Prompt engineering is quickly becoming one of the most useful everyday skills in the world of AI. It lets regular people guide powerful models like Gemini (or ChatGPT, Claude, and others) to give more accurate, creative, or structured answers. This post gives you a clear, detailed walkthrough of the key ideas from Lee Boonstra's comprehensive whitepaper on prompt engineering.
We have expanded the explanations so you can really understand how each technique works, why it helps, and when to reach for it and all in plain English. The goal is to help you grasp the fundamentals deeply without needing to read the full 68-page document. Everything here comes directly from the whitepaper's content and examples.
Let's dive in!
What Prompt Engineering Really Means
Large language models are trained on enormous amounts of text. They do not truly "understand" in the human sense. Instead, they predict the next word (or small chunk called a token) based on patterns they have seen before. When you type something into the model, that input is your prompt, and everything that follows is the model's best guess at what should come next.
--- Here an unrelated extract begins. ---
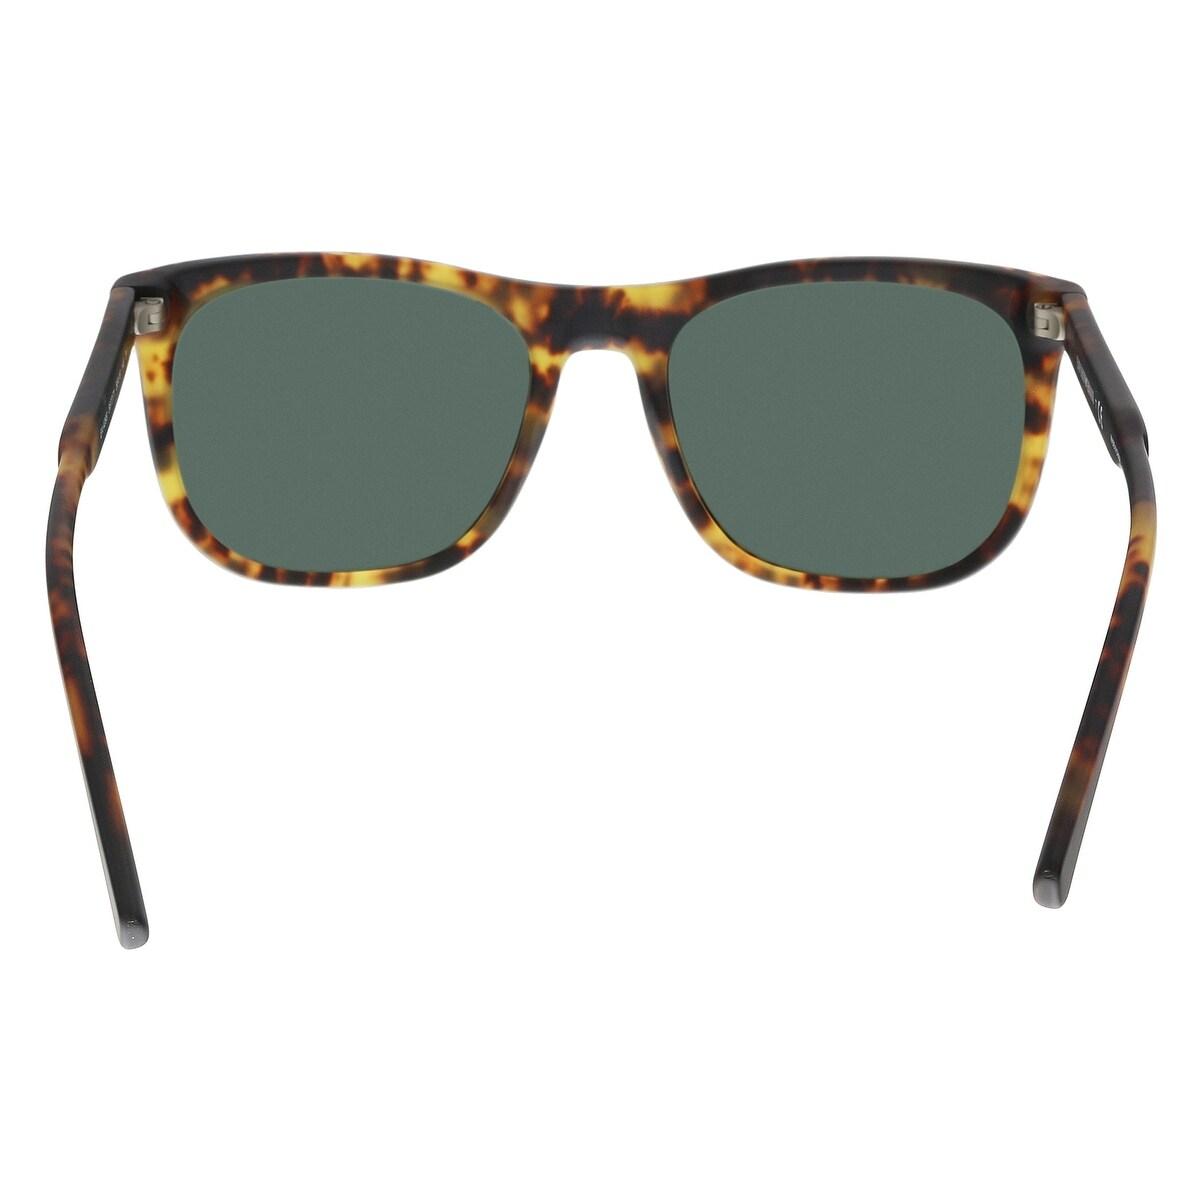 Emporio Armani EA4099 567771 Matte Blonde Havana Rectangle Sunglasses -  56-19-145 - Free Shipping Today - Overstock - 27088617 0ae6b8a0aa

Prompt engineering is the art and practice of writing those inputs in a smart way so the model produces exactly the kind of output you want. You control the direction, tone, format, accuracy, and usefulness of the reply simply by choosing your words carefully.
You do not need to be a programmer or data scientist. Anyone can improve at it through trial and error. The whitepaper stresses that the best results come from iteration: write a prompt, read the answer, notice what went wrong or could be better, then adjust and try again. Small changes in wording, order, or added instructions often make a big difference.
Shaping the Model's Behavior with Settings
Even before you write the prompt itself, you can adjust a few built-in controls that affect every response the model gives.
First is output length. You can set a maximum number of tokens so answers stay short and focused (which also saves time and cost). Good prompts help the model pack useful information into that limit without cutting off early.
Next come the sampling settings, which decide how the model picks each next token from all its possible choices.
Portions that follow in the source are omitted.